When two lead ions collide within the Large Hadron Collider (LHC), they generate an intensely hot and dense state of matter known as quark–gluon plasma. This exotic phase, believed to have filled the universe shortly after the Big Bang, emerges as quarks and gluons exist without confinement within composite particles like hadrons. As this quark–gluon plasma expands and cools rapidly, the liberated quarks and gluons transform back into hadrons, which then emanate from the collision site toward particle detectors.
In instances where the lead ions don't collide head-on, the resulting overlap region assumes an elliptic shape, imprinting distinct characteristics on the flow of hadrons. The measurement of this elliptic flow serves as a potent method for studying quark–gluon plasma. Recently, the ALICE collaboration shared a new assessment of the elliptic flow in hadrons containing heavy quarks, offering profound insights into the plasma.
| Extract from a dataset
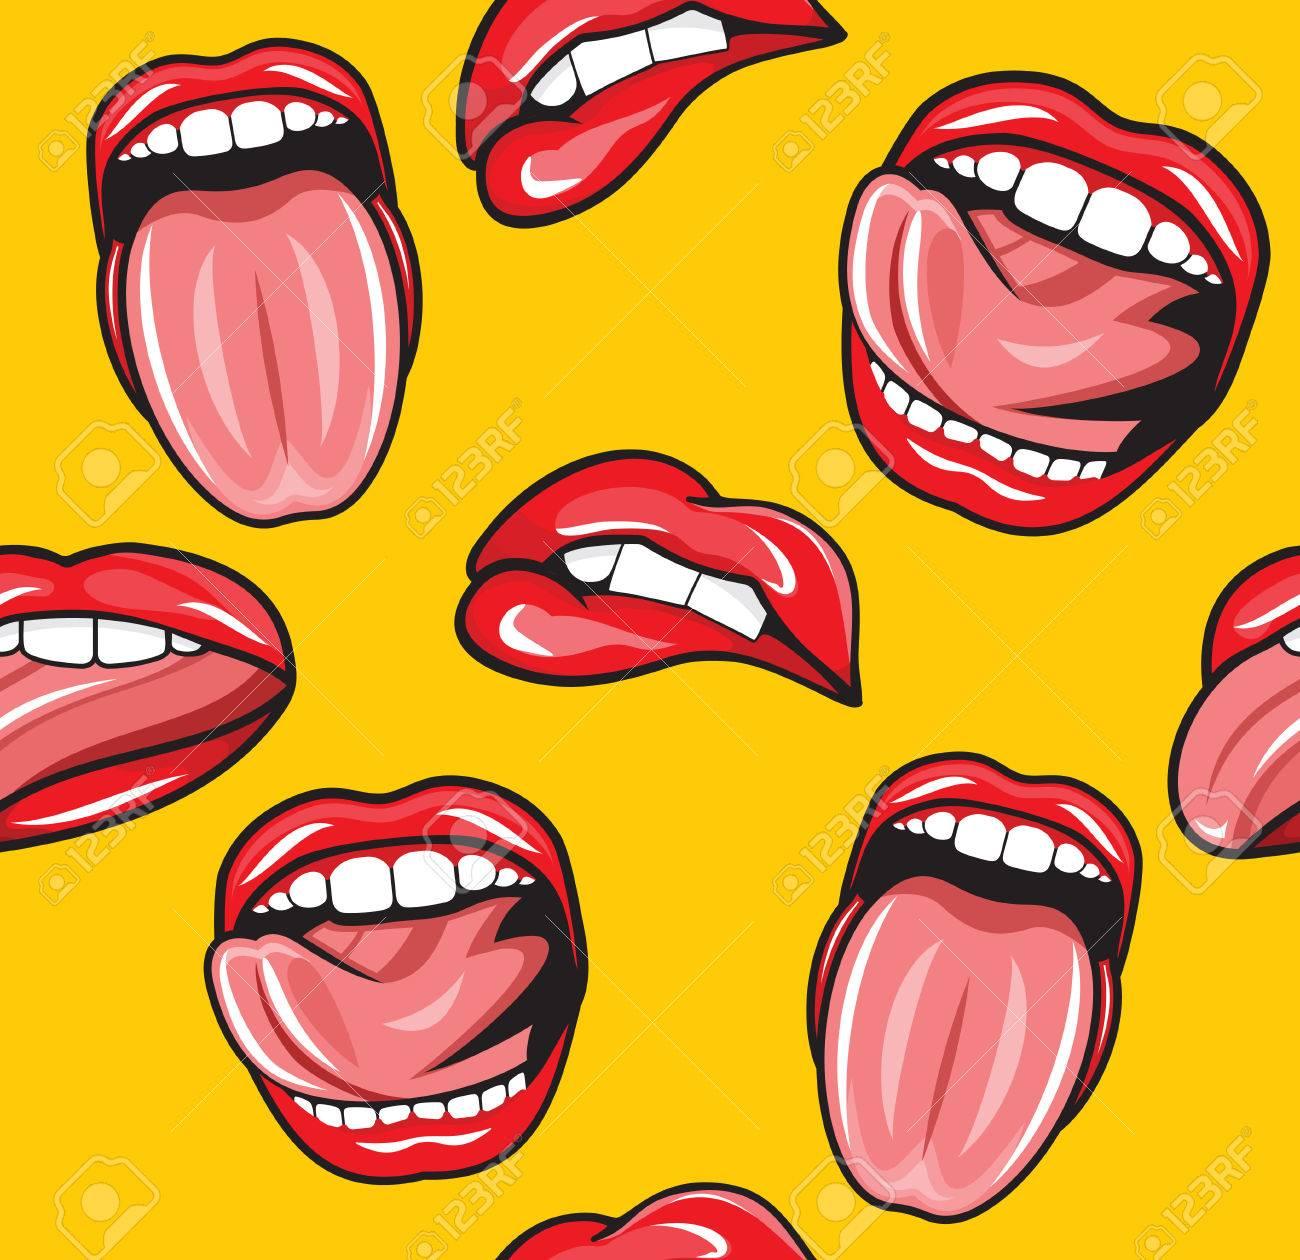 Mouth pop art vector seamless pattern - 41478782

In contrast to gluons and light quarks that constitute the majority of the quark–gluon plasma, heavy charm and beauty quarks emerge in the initial collision stages, preceding plasma formation. These heavy quarks engage with the plasma throughout its evolution—expansion, cooling, and transformation into hadrons.
Given multiple interactions with the plasma's constituents, heavy quarks attain thermal equilibrium with the medium inversely proportional to the quark's mass. Charm quarks, being lighter than beauty quarks, are expected to experience a shorter thermalization time and a higher degree of thermalization.
Upon thermalization, charm quarks combine with the medium's light quarks to form D mesons, while beauty quarks form B mesons. Previous findings indicate that the elliptic flow of “prompt” D mesons—generated immediately after collisions—is nearly as robust as that of the lightest hadrons, pions. Predictions suggest a weaker elliptic flow for B mesons due to the longer thermalization time for beauty quarks.
In their recent analysis of non-head-on lead–lead collisions during Run 2 of the LHC, the ALICE collaboration measured the elliptic flow of B mesons by assessing the flow of “non-prompt” D mesons resulting from B meson decays. Utilizing a machine-learning technique, the team distinguished non-prompt D mesons from prompt ones, while suppressing background processes mimicking D meson production and decay.
The outcome reveals that the elliptic flow of non-prompt D mesons is indeed weaker than that of prompt counterparts, aligning with expectations. This result provides fresh insights into the thermalization of beauty quarks within the quark–gluon plasma, paving the way for future ALICE measurements based on data from Run 3 of the LHC.
With a data sample from 2023 featuring 40 times more collisions than ALICE's prior heavy-ion data-taking periods, researchers anticipate delving deeper into the dynamics of charm and beauty particles in the quark–gluon plasma, unraveling more about their behaviors and interactions.